Differential diagnoses include primary open-angle glaucoma, primary angle-closure glaucoma, pigment dispersion syndrome, pigmentary glaucoma, true exfoliation (capsular delamination), and amyloidosis. Overlooking exfoliation material may lead to misdiagnosis as primary open-angle glaucoma; therefore, detailed examination under mydriasis is essential.
Feature
Exfoliation glaucoma (PXG)
Pigmentary glaucoma
Age group
More common in elderly
More common in young myopic males
Pigment distribution
Uneven (salt and pepper)
Uniform heavy pigmentation
Characteristic findings
Sampaolesi line, exfoliation material at pupillary margin
Krukenberg spindle, iris transillumination
Pathogenesis
Deposition of exfoliation material in trabecular meshwork
Pigment release from posterior iris
QWhat are the key points for differentiating from primary open-angle glaucoma?
A
The most important point is the identification of exfoliation material. Perform a dilated examination and carefully observe the pupillary margin and the anterior lens capsule (especially the peripheral band). In the angle, Sampaolesi line and uneven pigmentation are characteristic of PXG2)3). PXG tends to have higher intraocular pressure levels and greater diurnal fluctuations than primary open-angle glaucoma3). Differentiation from primary open-angle glaucoma is important because it directly affects treatment strategy (need for aggressive intraocular pressure reduction, timing of surgery)1).
The basic treatment policy follows that for primary open-angle glaucoma, aiming to lower intraocular pressure1)2). However, because PXG has large intraocular pressure fluctuations and glaucomatous optic neuropathy progresses faster than POAG, aggressive intraocular pressure reduction is recommended (recommendation grade 1B)1). The target intraocular pressure is individualized based on disease stage, untreated intraocular pressure, and other risk factors, and reassessed repeatedly.

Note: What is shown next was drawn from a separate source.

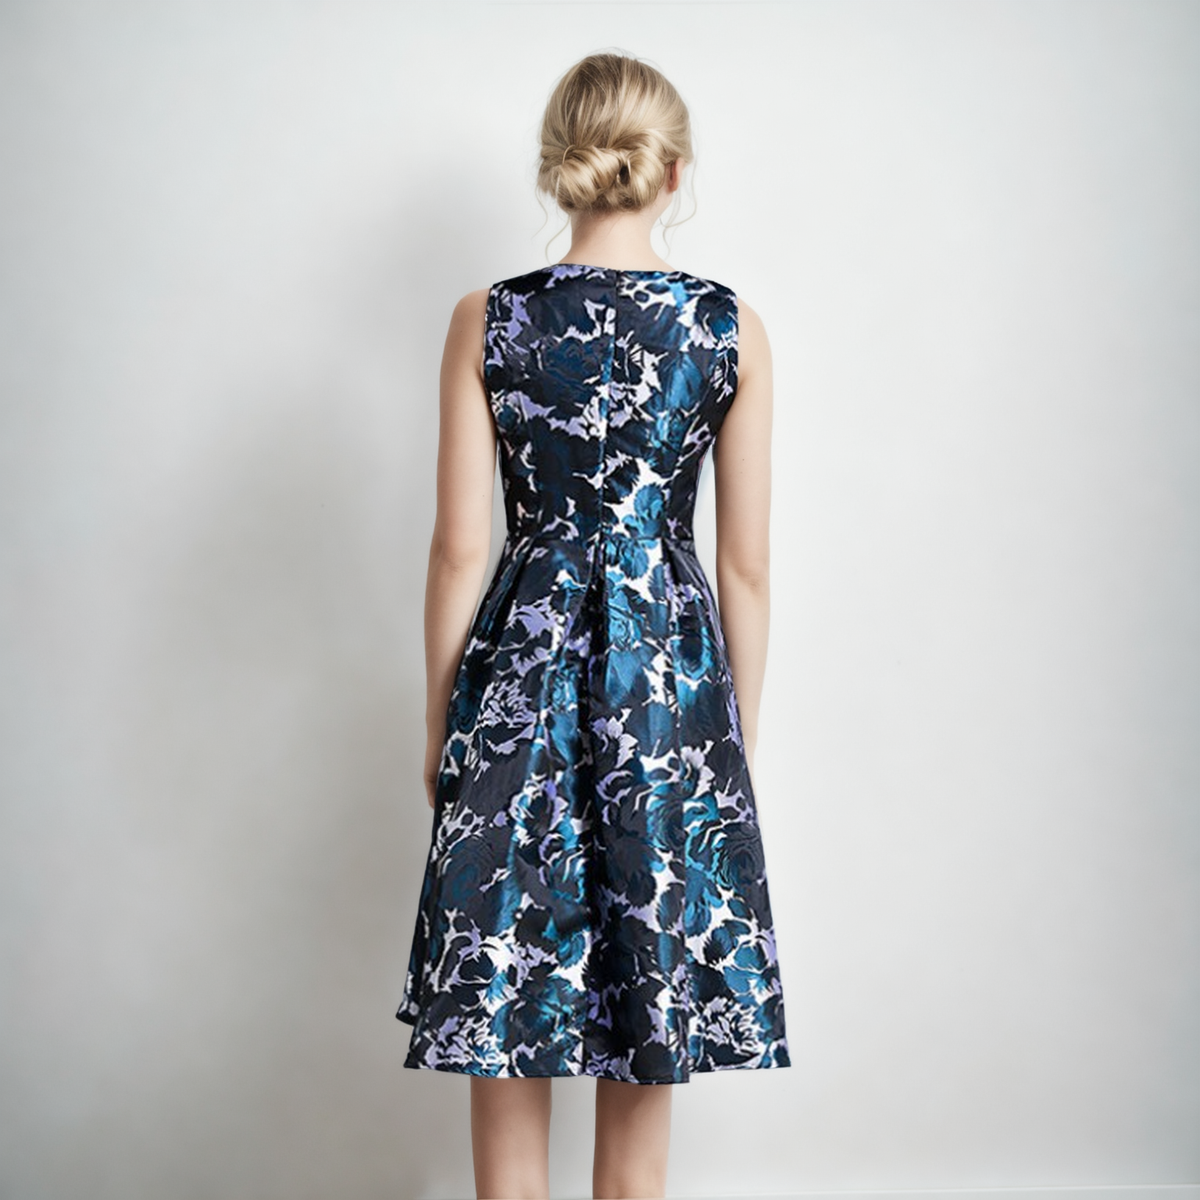 Regal Bloom: Blue Floral Jacquard Sleeveless Dress - StylinArts

First-line treatment is prostaglandin (PG) analog eye drops1). If the target intraocular pressure is not achieved with monotherapy, the following are used in combination.

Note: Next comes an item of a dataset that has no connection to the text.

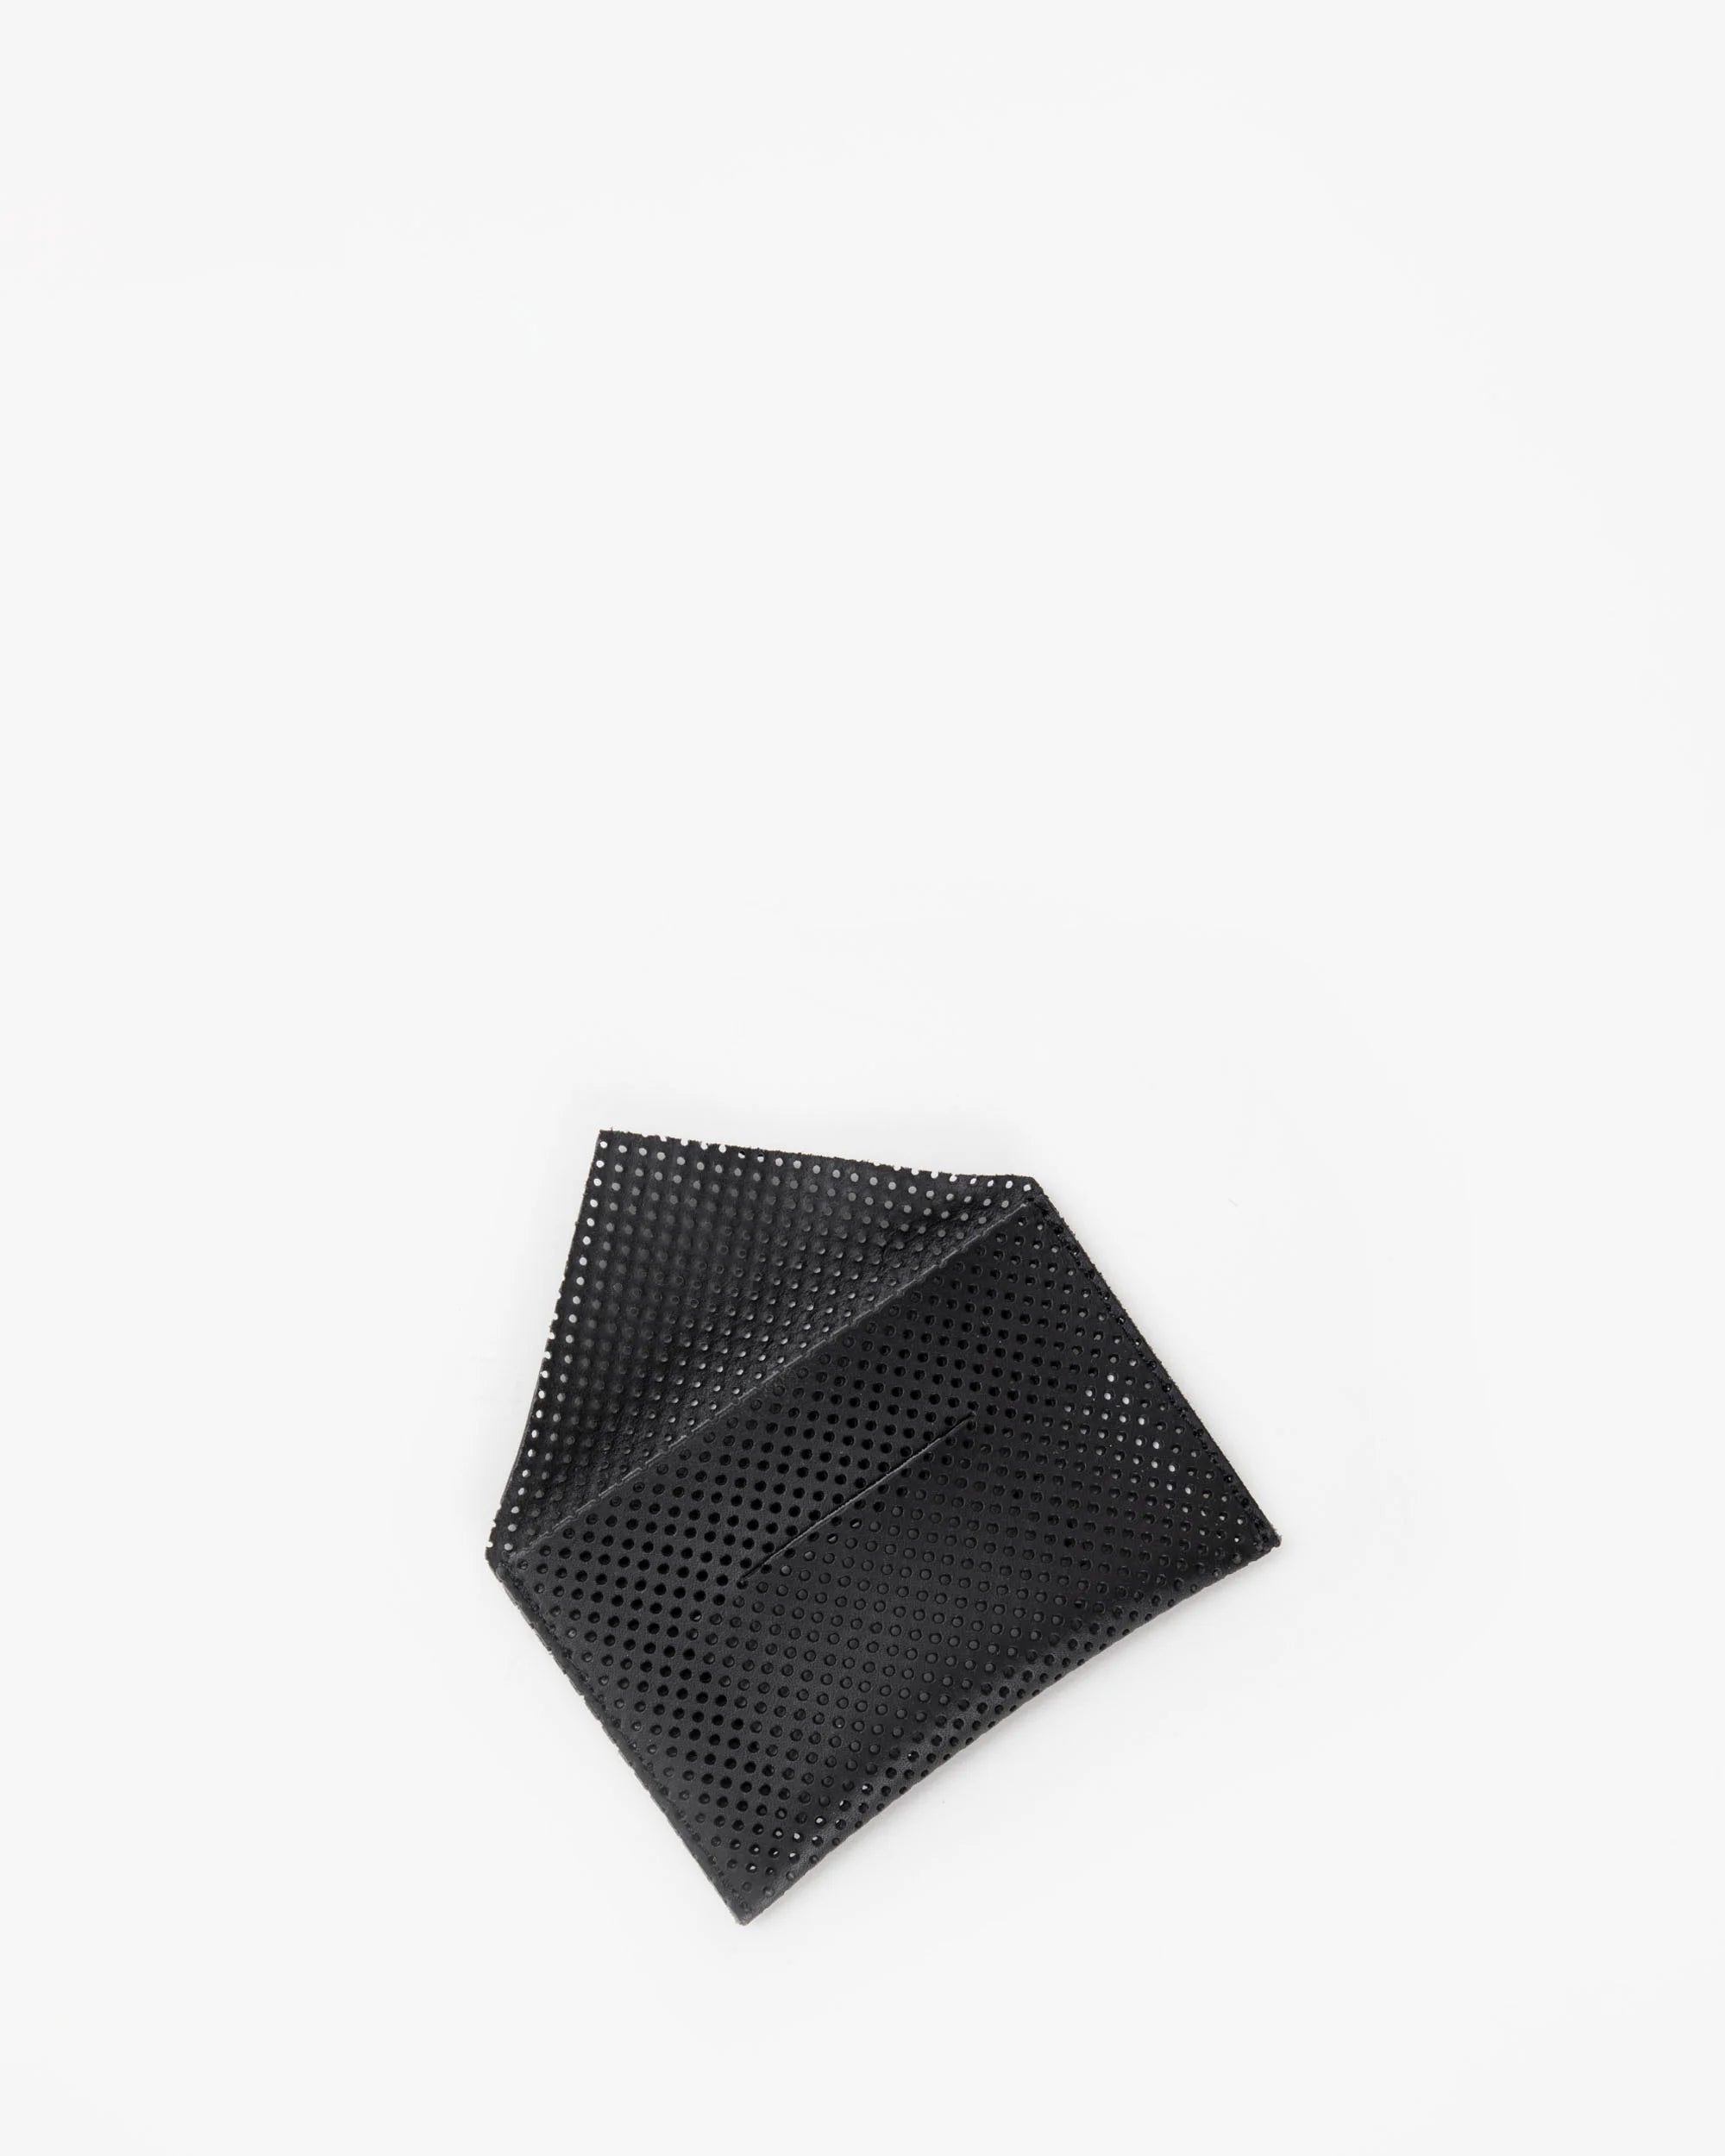 Card Envelope - Black Perforated

Prostaglandin analogs: latanoprost, travoprost, tafluprost, etc. Promote uveoscleral outflow of aqueous humor
Beta-blockers: timolol, etc. Suppress aqueous humor production (contraindicated in bronchial asthma and atrioventricular block)
Because of the heavy pigmentation in the angle, laser trabeculoplasty (ALT/selective laser trabeculoplasty: SLT) is relatively effective1)2). The 5th edition of the Glaucoma Clinical Practice Guidelines reports that outflow reconstruction surgery and laser trabeculoplasty achieve greater intraocular pressure reduction in PXG than in POAG (recommendation grade 1B)1).
However, long-term efficacy is limited, and many cases show reduced effect after several years. It is basically positioned as a bridging therapy until surgery or as an emergency measure when surgery is difficult due to systemic conditions or social circumstances. In the 6-year results of the LiGHT trial, initial SLT strategy showed visual prognosis equal to or better than eye drop strategy in POAG and ocular hypertension, and SLT is being reevaluated as an initial treatment strategy11).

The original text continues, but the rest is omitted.